Volunteers watch the sunset from Sontule, blog author Grace Galloway sits on the far right.

Volunteers watch the sunset from Sontule, blog author Grace Galloway sits on the far right.

Three cooperatives, two co-ed and focused primarily on coffee and one exclusively female and focused on both eco-tourism and coffee, held the town together during the Sandinista revolution of the 1970s and the Contra war of the 1980s. I spent a week there leading a Comunidad Connect volunteer group. My host dad, Marvin, explained to me that he lost both his brother and sister in the war, each fighting on different sides. Mefalia, his wife and my host mother, quietly shared with me the impact the women’s cooperative made on her life. “The machismo used to be horrific. There has been a lot of education for both men and women, they are teaching the children about it in the schools. We still have a long way to go, but the men are learning to share the household chores and we are becoming more independent.”

Coffee - the main form of income in Sontule

Coffee – the main form of income in Sontule

On my last night in Sontule, I sat around the dinner table with our bus driver Ronald (31) and two of Mefalia’s sons, Wilder (22) and Jason (16). As the conversation waned I decided to ask a what I thought would be a fun get-to-know-each-other question. I asked my new friends, “Si tuvieron que ser de otro país, de donde serían?” “If you had to be from a different country, where would be from?” I was met with looks of hurt, as they struggled to answer my question. They brainstormed about the beautiful women they would meet in Brazil, the delicious food they could eat in France, the American dream. After a few minutes Wilder spoke up, “Yo no cambiaría mi Nicaragua para nada.” “I wouldn’t trade my Nicaragua for anything.”

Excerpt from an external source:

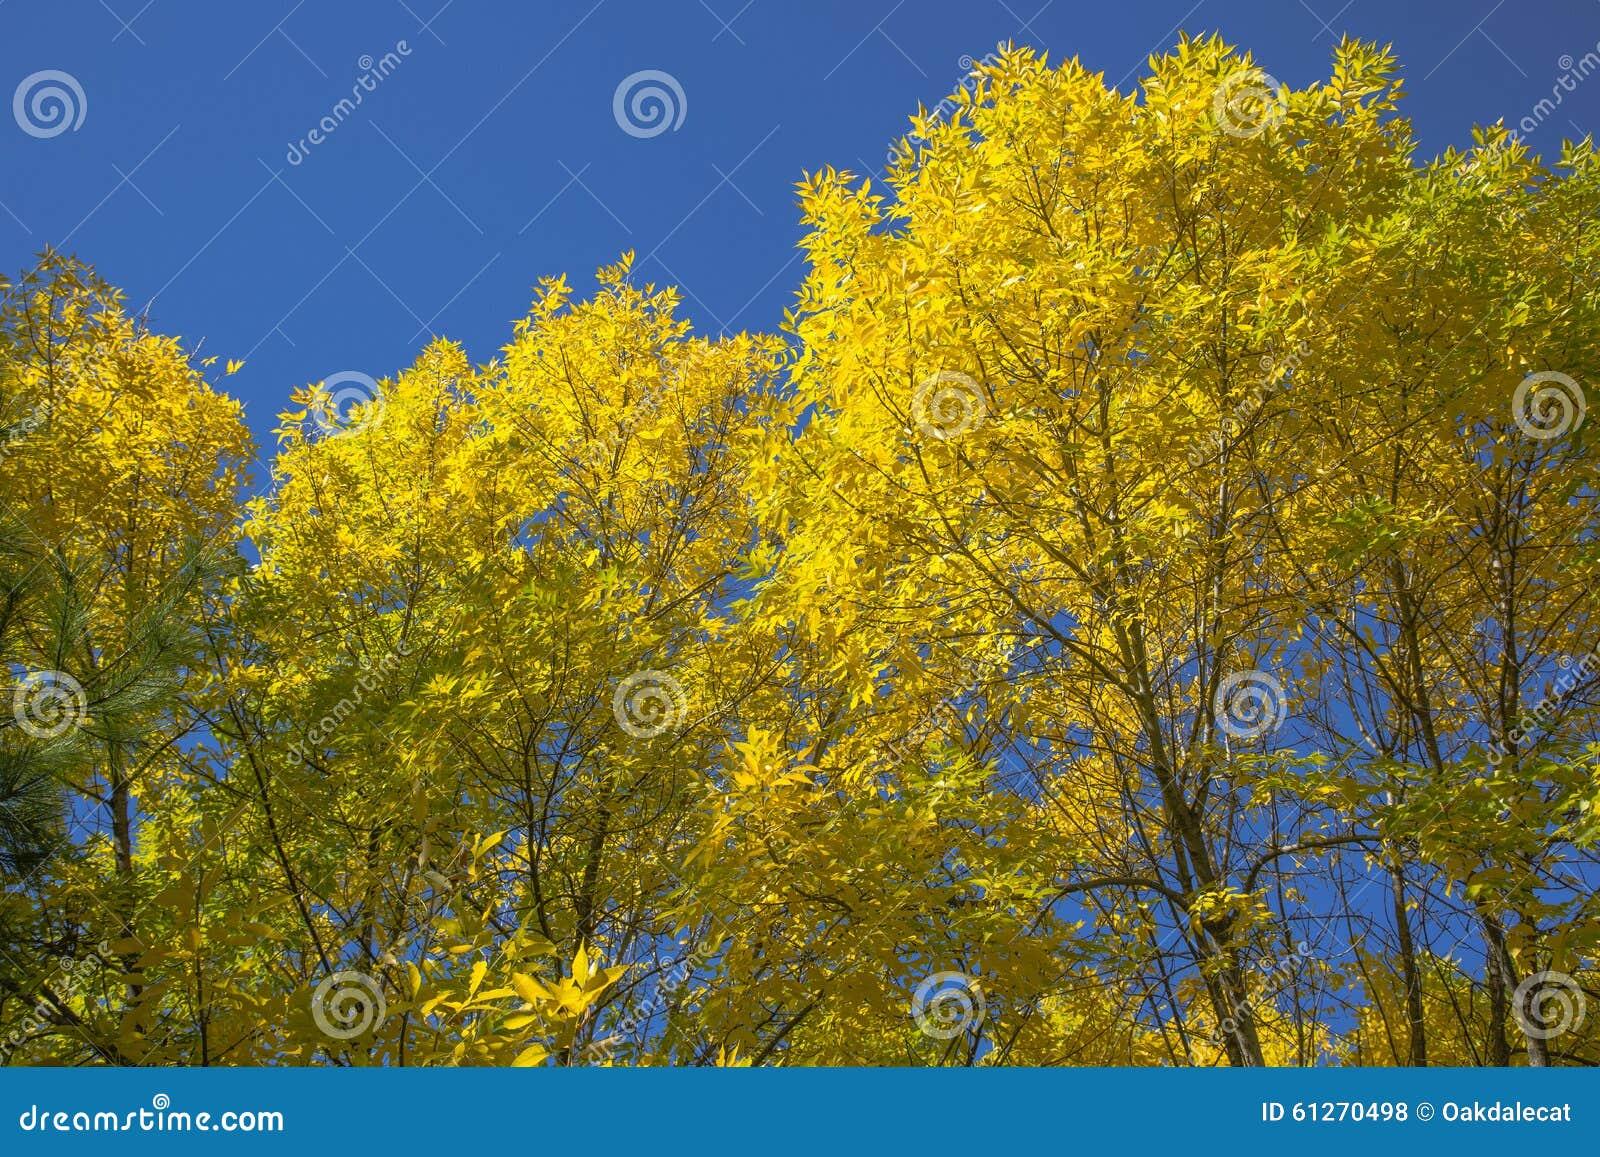 Yellow Fall Elm Trees, Blue Sky

Mefalia and Marvin's host family farm.

Mefalia and Marvin’s host family farm.

Leaving Sontule the next morning brought tears to my eyes. Seeing families who less than 30 years ago were in the midst of a nightmarish war now pursuing peace and sustainability inspires me to do the same. I have been working in community development in Central America for three years and have learned so much about internal and external peace through the simplicity of rural life. I encourage all of us to find a way to learn about and through service whether it’s through Comunidad Connect and Sontule, or a different sustainable development opportunity.